Catching up with this thread again, and this
MERUK page references two UK studies in which only about half of GP-referred 'ME/CFS' patients had their diagnosis confirmed in specialist centres:
In the first – originally published in 2010 in the Journal of the Royal College of Physicians Edinburgh (
1) – researchers examined the records of every patient referred by local GPs to the Newcastle CFS/ME Clinical Service. The key finding was that 103 (40%) of referrals were eventually diagnosed with other conditions which could explain the concatenation of symptoms. The main alternative diagnoses in these patients were fatigue associated with a chronic disease (47% of all alternative diagnoses); a primary sleep disorder (20%); psychological/psychiatric illnesses (15%, most commonly, depression, anxiety and post-traumatic stress disorder); and cardiovascular disorders (4%).

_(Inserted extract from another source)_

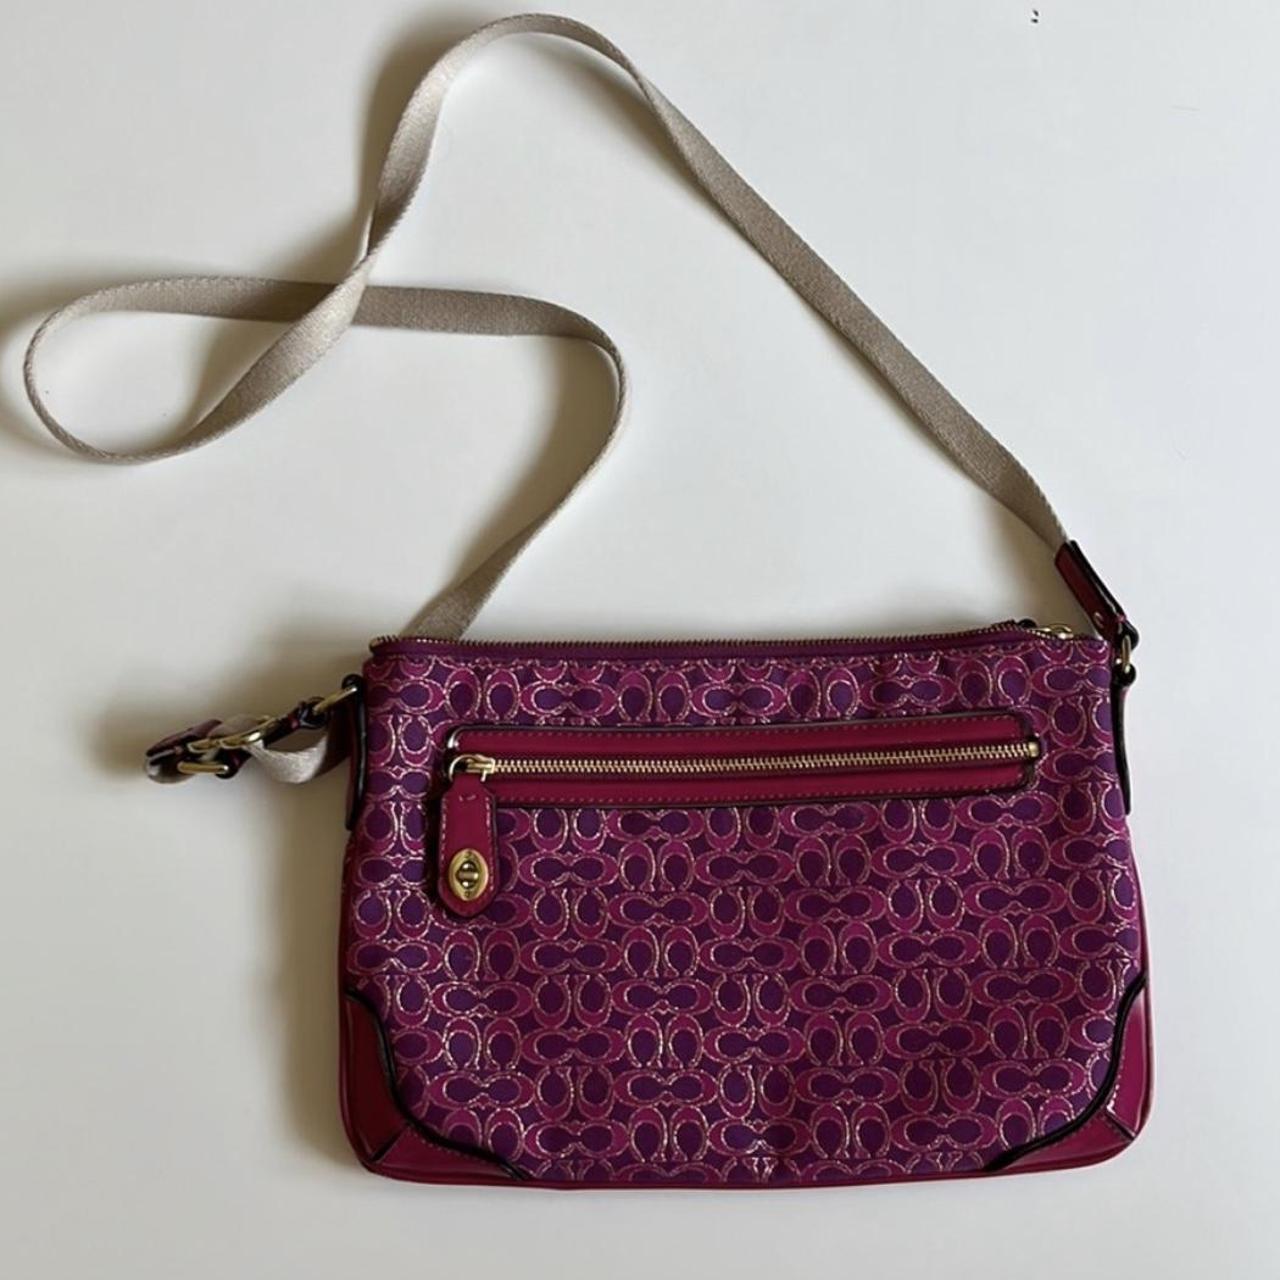 COACH Vintage DOTTED OP ART Ashley BERRY SILVER satchel handbag purse PURPLE  | eBay

The second, recently published report examined the prevalence of alternative diagnoses in patients referred by GPs to the specialist clinic at St Bartholomew’s Hospital, London (
2). Its major finding was that a diagnosis of “CFS” was eventually confirmed in only 54% of patients. Of the rest, 53 patients (21%) were given alternative medical diagnoses (most commonly primary sleep disorders, endocrine disorders, nutritional disorders and pain disorders), while 54 patients (22%) received alternative psychiatric diagnoses (most commonly a depressive illness or anxiety disorder).
These reports provide clear, formal evidence that almost half of patients referred from primary care with a diagnosis of ME/CFS actually have something else wrong with them – a fact that is not discovered until they are lucky enough to be seen at a specialist clinic. This seems like misdiagnosis on a grand scale.
This seems like good evidence of widespread misdiagnosis to me, at least in the UK, unless I'm missing something?